I'm going to really stir the pot with this post.
My Dali Megalines required 450 to 600 hours before they performed to their maximum. The bass was non existent until after 300 hours and deep bass not until nearly 600.
A good friend and member of my audio group experienced similar frustration with his Kharma Exquisite 1De. He waited beyond 650 hours before his speakers produced best performance.
In both cases, I have ten or so associates that heard the long progress and final results. Believe it or not, it's absolutely true.
Maybe it's the ceramic drivers in the Kharma, maybe the 24 woofers in my Dali's move so little that break in is tardy in arriving. Whatever the reason, it's audible and frustrating to wait through.
My new tube crossover made a break through in performance this last Tuesday evening.
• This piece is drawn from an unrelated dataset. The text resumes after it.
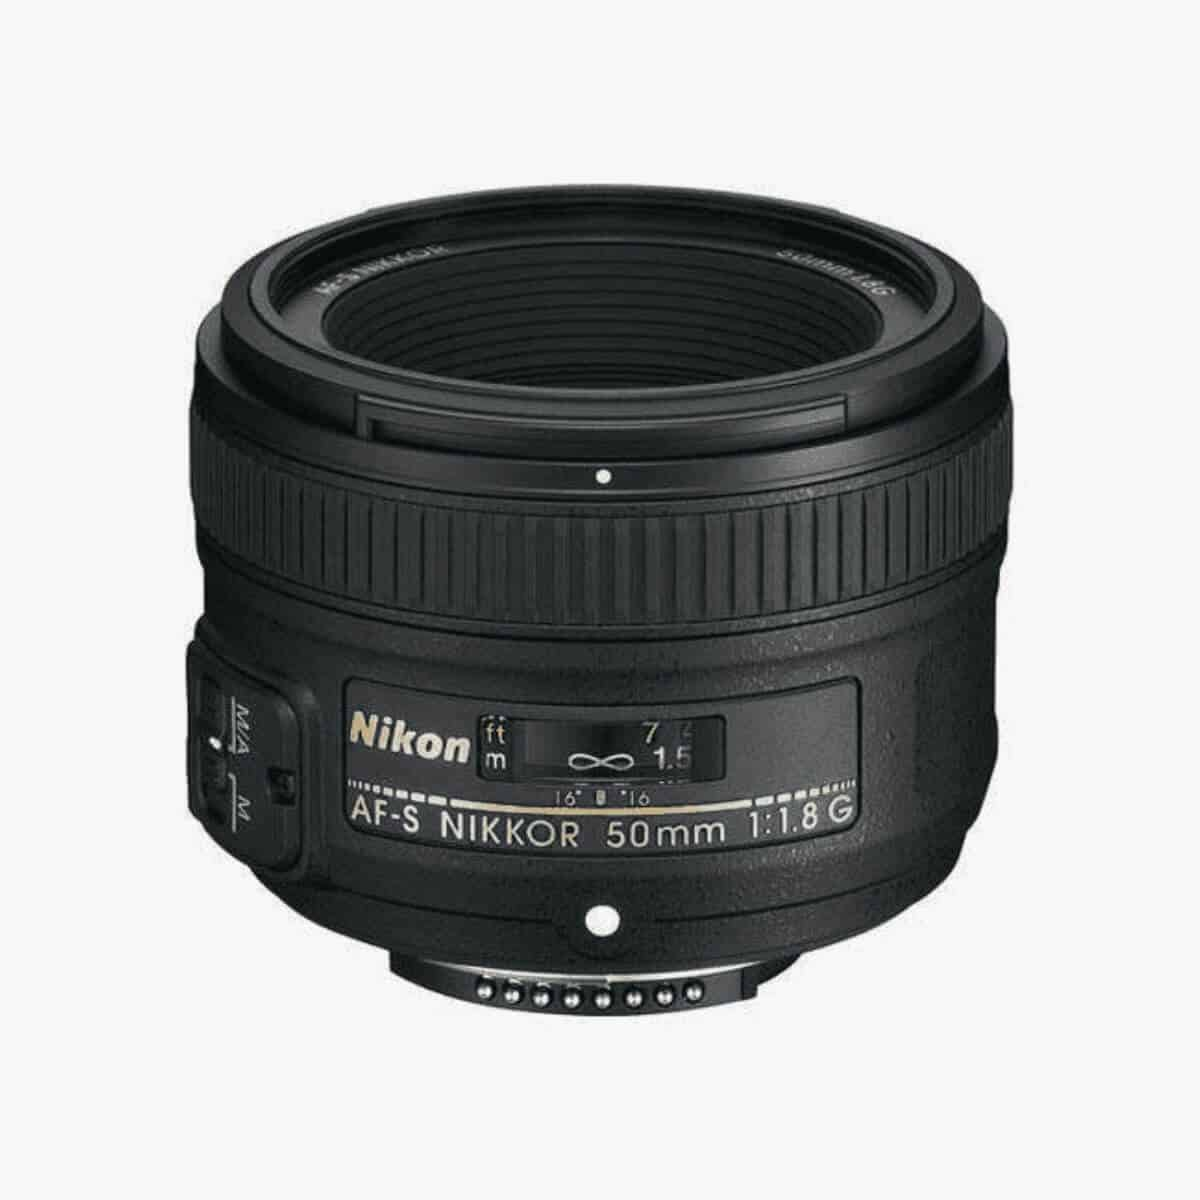 Nikon 50mm lens.

Burn in was 605 hours at the end of the evening and a huge change from the week before when there was only 437 hours on the parts.
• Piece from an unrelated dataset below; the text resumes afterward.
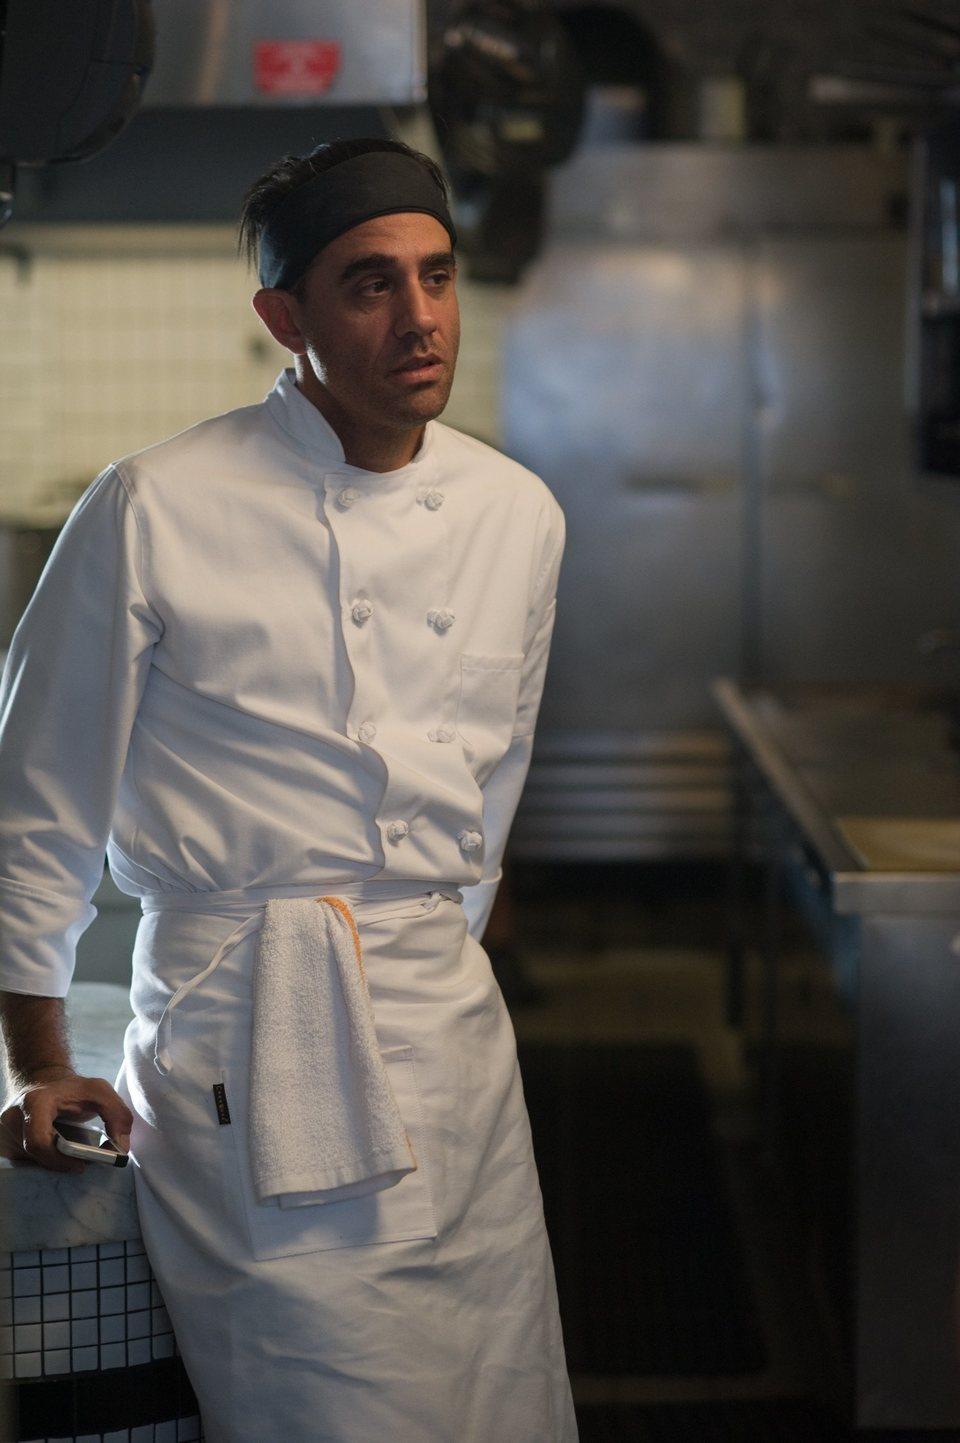 #Chef, fotograma 4 de 18

In the case of the crossover I know the slow break in is due to Teflon Caps, 14 in the main unit and more in the power supply. I called the manufacturer who designed and built the caps (the same guy that builds Cardas, V-Cap, DynamiCap and most of the other big names).
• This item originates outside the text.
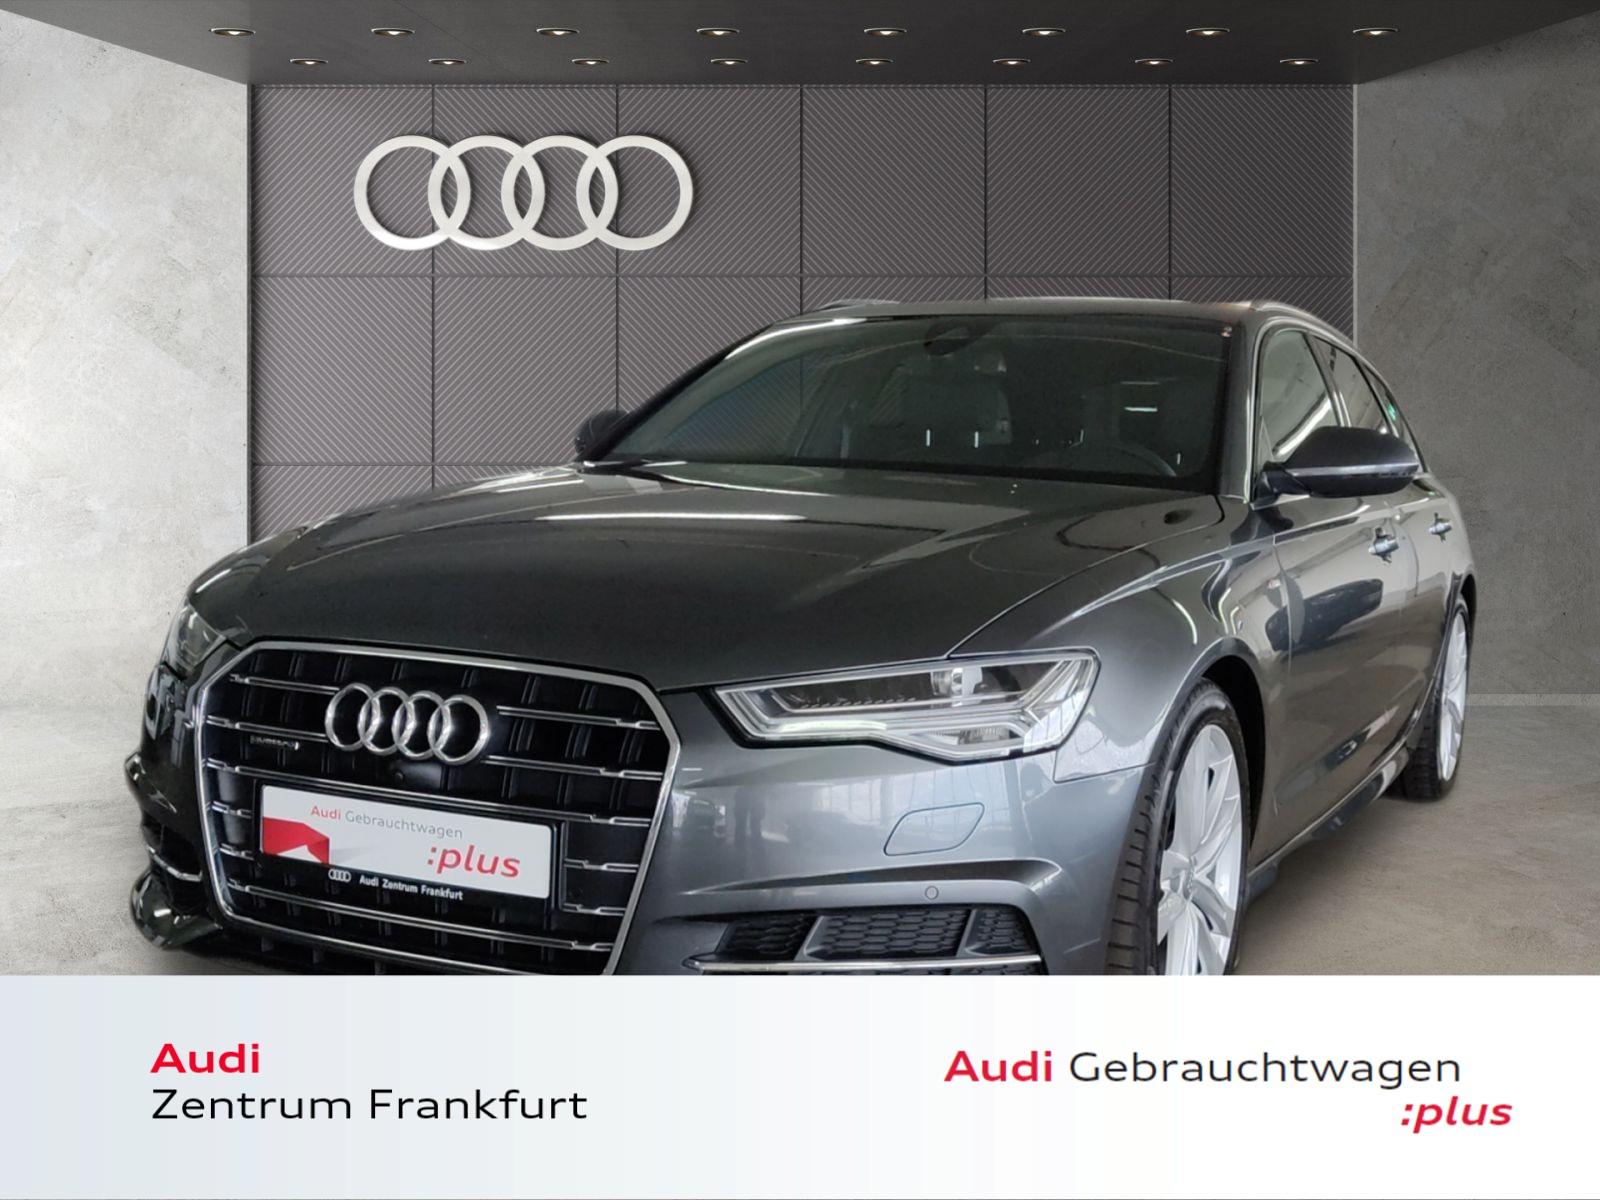 Audi A6 Avant 3.0 TDI quattro S tronic S line MatrixLED Navi Panorama Sitzheizung, Jahr 2018, Diesel

He was not surprised, said it would continue to about 1000 hours or beyond, same answer I got from several other engineers in the business.
My previous custom crossover was identical in design, hand built by the same guy and was working well at 50 hours, reaching maximum performance at about 350 hours.
The difference? It had traditional caps from Wima, F-Dyne and Illinois capacitor and half the chokes and power supply. Everything makes a difference when all the parts are pushed to the limit.